Renal Transplant Service, Hospital das Clinicas, University of São Paulo School of Medicine, São Paulo, Brazil.
Loyola University Medical Center, Maywood, Illinois.
Transplant Proc. 2022 Jul-Aug;54(6):1446-1454. doi: 10.1016/j.transproceed.2022.02.027. Epub 2022 Mar 15.
Kidney transplant (KT) recipients are at high risk for developing severe COVID-19. Lowering immunosuppression levels in KT recipients with COVID-19 encourages native immune responses but can raise the risk of rejection. Donor-derived cell-free DNA (dd-cfDNA), reported as a fraction of total cfDNA, is a proven biomarker for KT rejection. Total cfDNA levels are elevated in patients with COVID-19, which may depress dd-cfDNA fractions, potentially leading to missed rejections.
A retrospective analysis of 29 KT recipients hospitalized with COVID-19 between April and November 2020 examined total and dd-cfDNA levels. Blood samples were collected after onset of COVID-19, with follow-up samples collected from a subset of patients, when infection had likely subsided.
After COVID-19 diagnosis, the median total cfDNA level was elevated (7.9 multiples of median [MoM]). A significant decrease in total cfDNA levels was observed between the first and second time points (6.2 MoM, 1.0 MoM; P <001). A significant positive association was identified between total cfDNA levels and COVID-19 severity (P = .02; R = .19). Two patients with biopsy-proven acute cellular rejection had dd-cfDNA fractions below the 1% cutoff for rejection (0.20% and 0.78%), with elevated total cfDNA levels of 7.9 MoM and 41.8 MoM, respectively.

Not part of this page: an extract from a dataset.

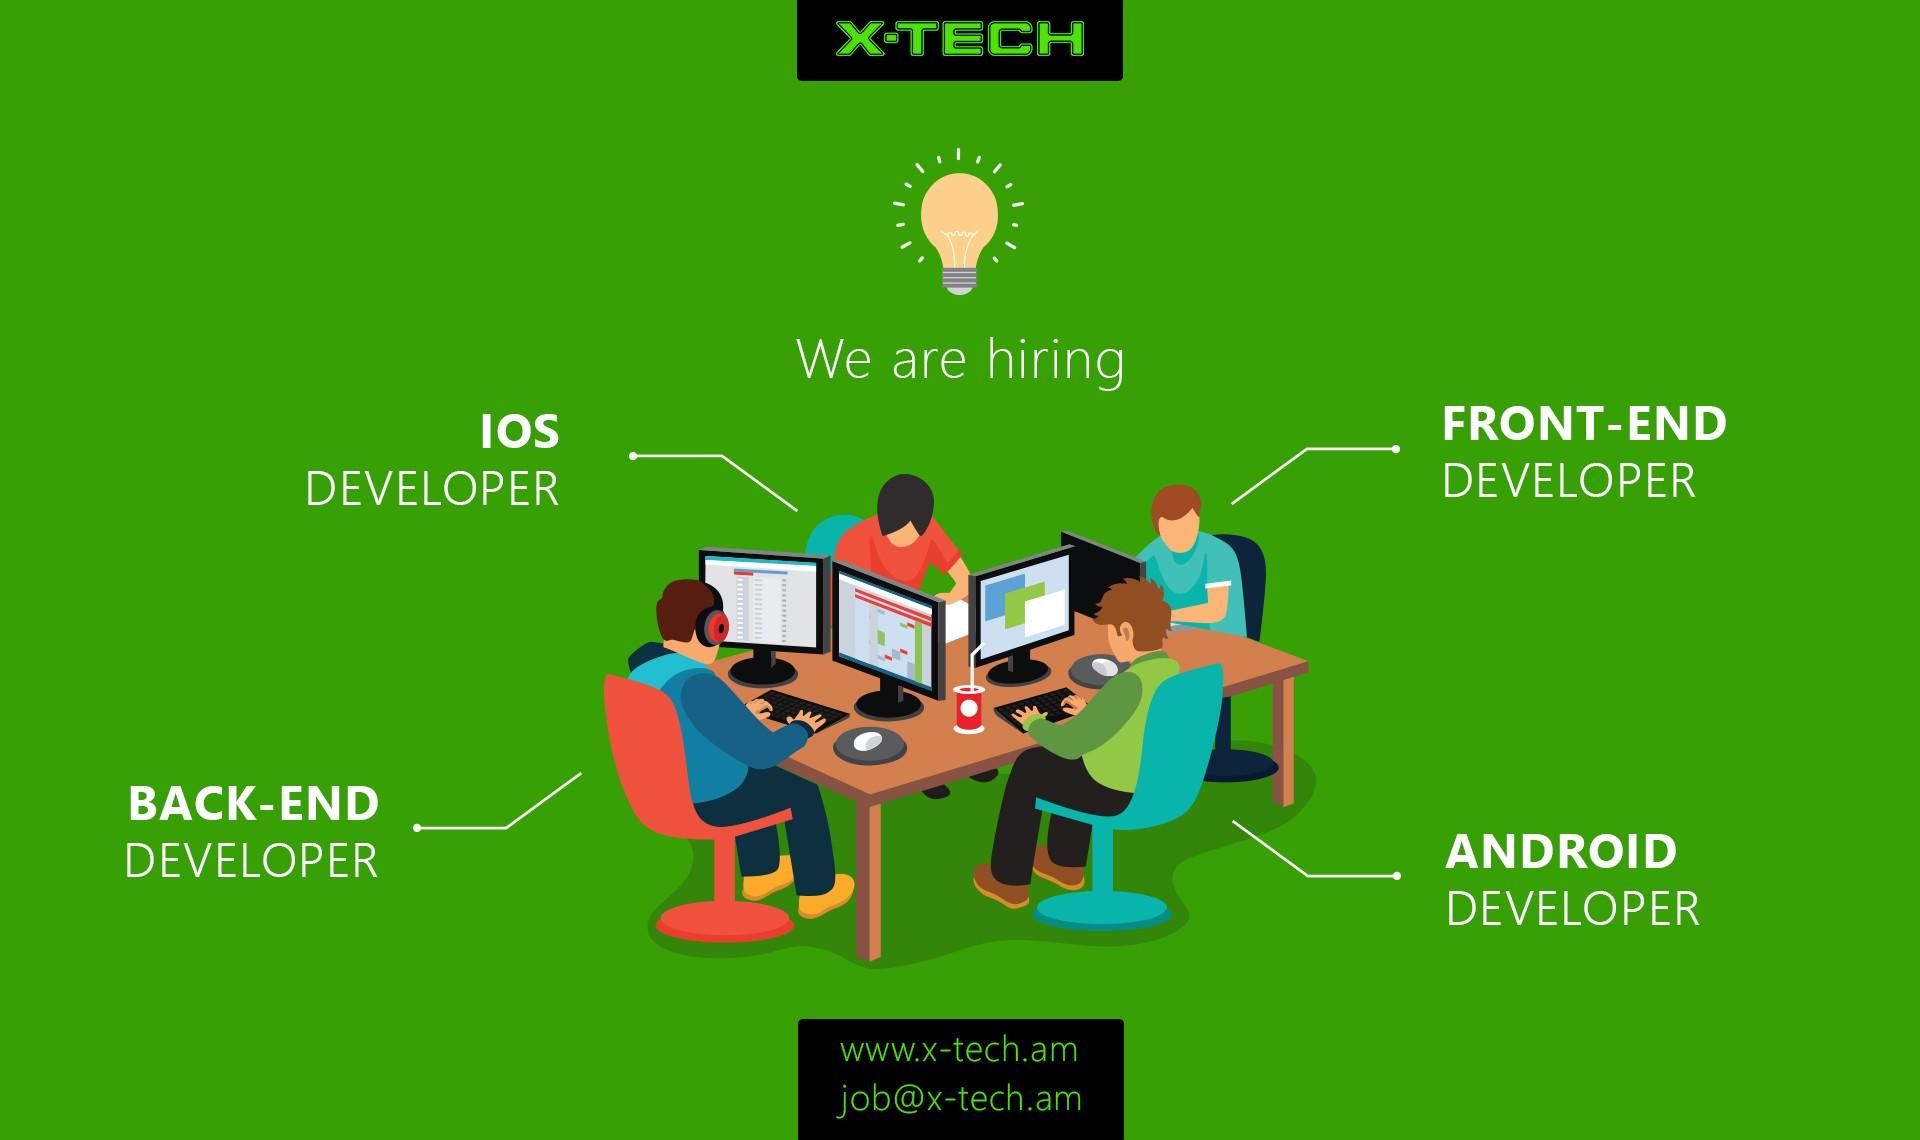 X-TECH | LinkedIn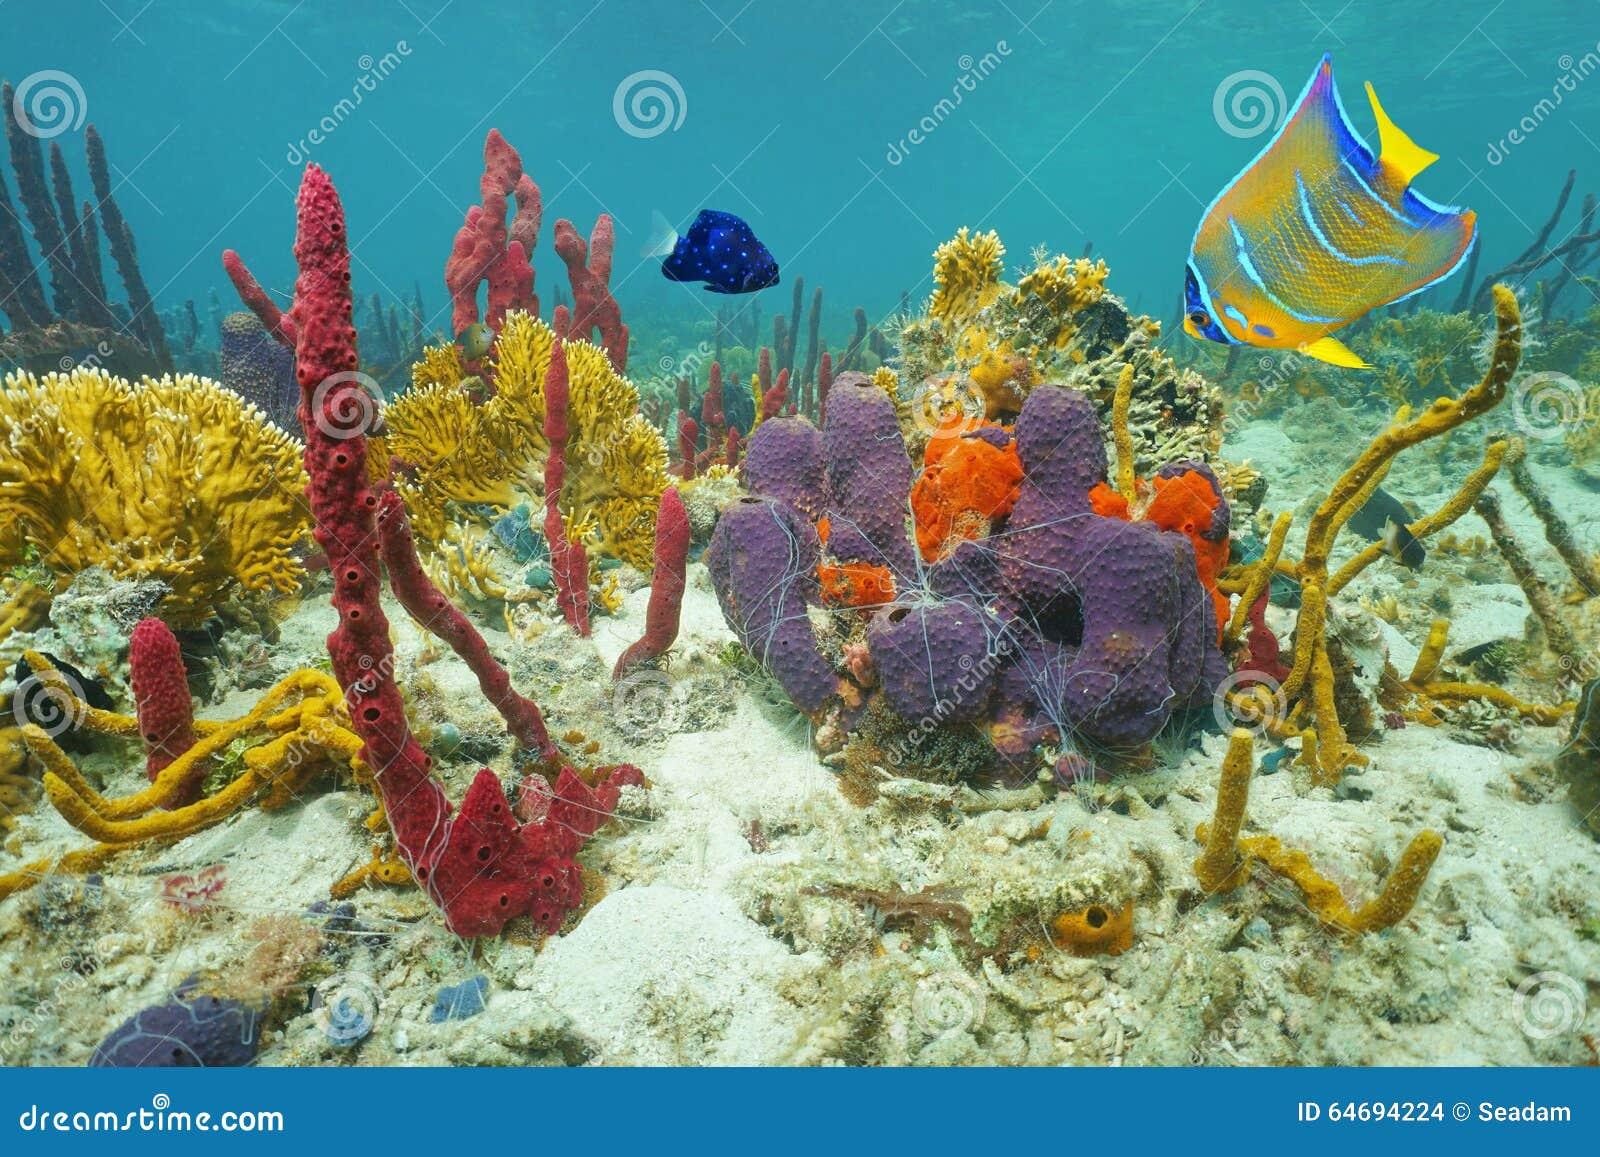 Immagini Di Tartaruga Marina A Colori Immagini Da Colorare

In this preliminary study, total cfDNA levels were elevated in KT patients with COVID-19, subsiding after resolution of infection. High total cfDNA levels may confound dd-cfDNA results, leading to failure to identify rejection. Considering total cfDNA levels is important in interpretation of dd-cfDNA tests for assessment of rejection in KT patients with COVID-19 or other infection.
肾移植(KT)受者发生严重 COVID-19 的风险较高。降低 COVID-19 肾移植受者的免疫抑制水平可促进固有免疫反应,但会增加排斥反应的风险。供体来源的无细胞 DNA(dd-cfDNA)作为总 cfDNA 的一部分报告,是肾移植排斥反应的一种已证实的生物标志物。COVID-19 患者的总 cfDNA 水平升高,这可能会降低 dd-cfDNA 分数,从而导致排斥反应漏诊。
对 2020 年 4 月至 11 月期间因 COVID-19 住院的 29 名 KT 受者进行回顾性分析,检测总 cfDNA 和 dd-cfDNA 水平。在 COVID-19 发病后采集血样,对部分患者在感染可能消退后采集随访样本。
COVID-19 诊断后,总 cfDNA 水平中位数升高(7.9 倍中位数[MoM])。首次和第二次检测之间,总 cfDNA 水平显著下降(6.2 MoM,1.0 MoM;P <001)。总 cfDNA 水平与 COVID-19 严重程度之间存在显著正相关(P =.02;R =.19)。两名经活检证实为急性细胞性排斥反应的患者 dd-cfDNA 分数低于排斥反应的 1%截止值(0.20%和 0.78%),总 cfDNA 水平分别为 7.9 MoM 和 41.8 MoM。
在这项初步研究中,COVID-19 肾移植受者的总 cfDNA 水平升高,感染消退后下降。高总 cfDNA 水平可能会干扰 dd-cfDNA 结果,导致排斥反应漏诊。在解释 dd-cfDNA 检测以评估 COVID-19 或其他感染的肾移植受者的排斥反应时,考虑总 cfDNA 水平非常重要。